Chapter 6 Responsibilities of Each Party to the Joint Venture
Article 14
Party A, Party B, Party C and Party D shall be respectively responsible for
the following matters:
Responsibilities of Party A and Party B: Handling of applications for
approval, registration, business license and other matters concerning the
establishment of the joint venture company from relevant departments in charge
in China;
Assisting the joint venture company in purchasing or leasing equipment,
materials, raw materials, articles for office use, means of transportation and
communication facilities, etc.; Assisting the joint venture company in
contacting and setting the fundamental facilities such as water, electricity,
transportation, etc.;
Assisting the joint venture in recruiting Chinese management, personnel,
technical personnel, workers, and other personnel needed.
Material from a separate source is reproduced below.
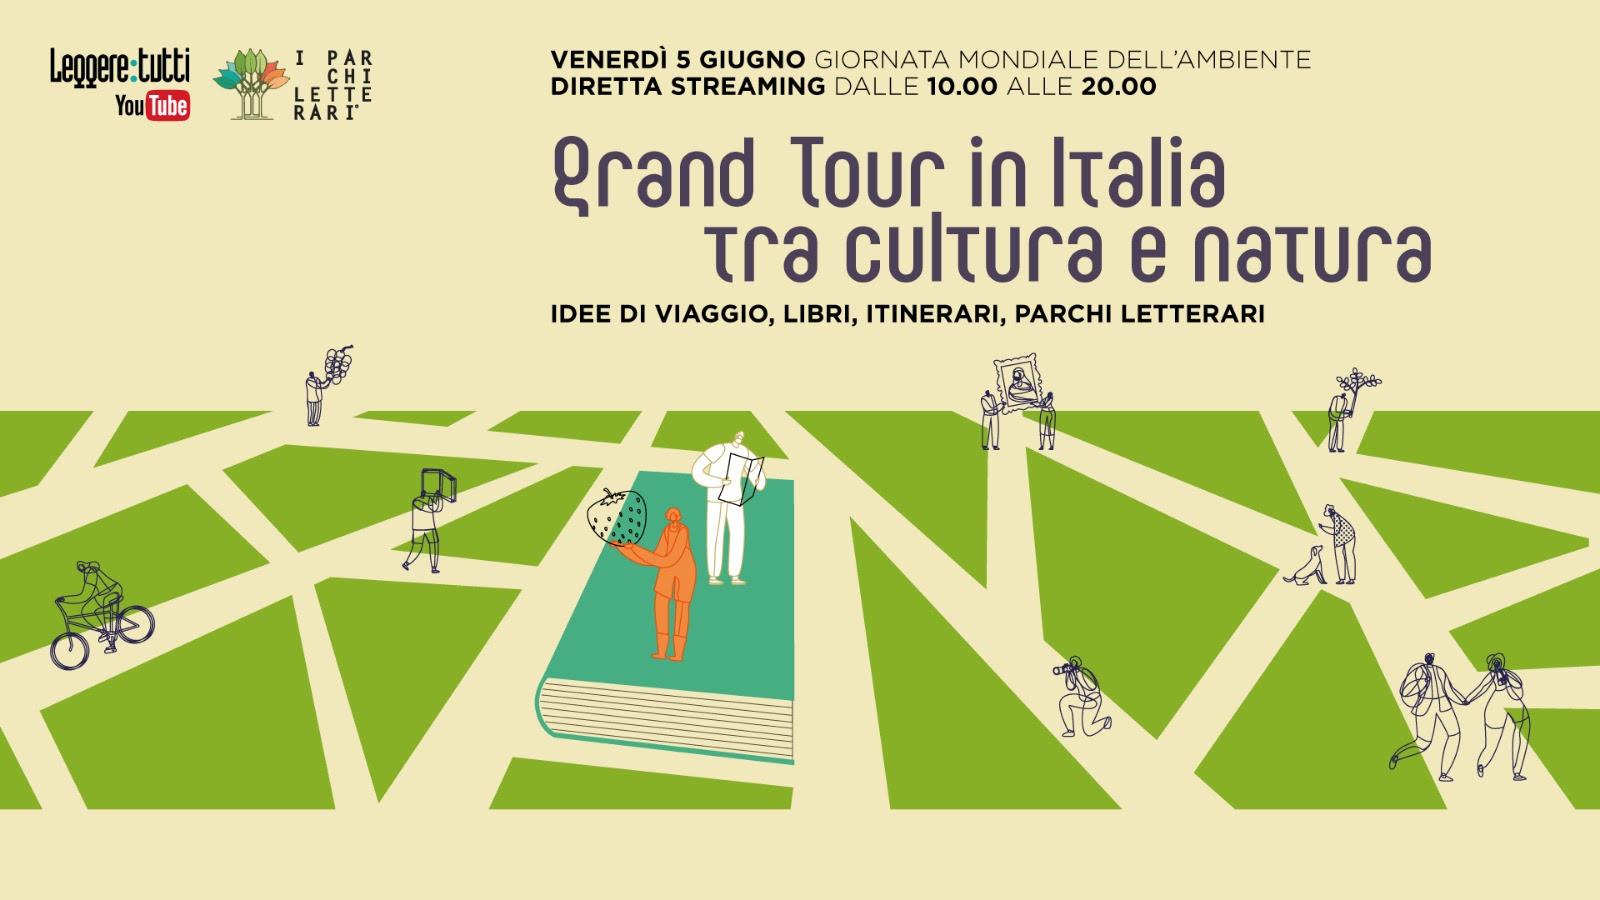 Grand Tour in Italia tra cultura e natura. Idee di viaggio, libri, itinerari, parchi letterari

Assisting foreign
worker and staff in applying for the entry visa, work license and processing
their traveling matters. Responsible for handling other matters entrusted by the
joint venture company, such as selecting and purchasing machinery and equipment
outside China. Responsible for other matters entrusted by the joint venture
company.
Chapter 7 Selling of Products
Article 15
In China, the joint venture's products can be handled by the Chinese
materials and commercial departments by means of agency or exclusive sales, or
be sold by the joint venture company directly.
Article 16
In order to provide after-sell service to the sold products, with the
approval of the relevant Chinese department, the joint venture company may set
up sales branches for after sell service both in China and abroad.
Article 17
The trade mark of the joint venture's products is decided by the board of
directors.
Chapter 8 The Board of Directors
Article 18
The date of registration of the joint venture company shall be the date of
the establishment of the board of directors of the joint venture company.
Article 19
The board of directors are composed of 10 directors, of which 4 shall be
appointed by Party A, 3 by Party B, 1 by Party C, 2 by Party D.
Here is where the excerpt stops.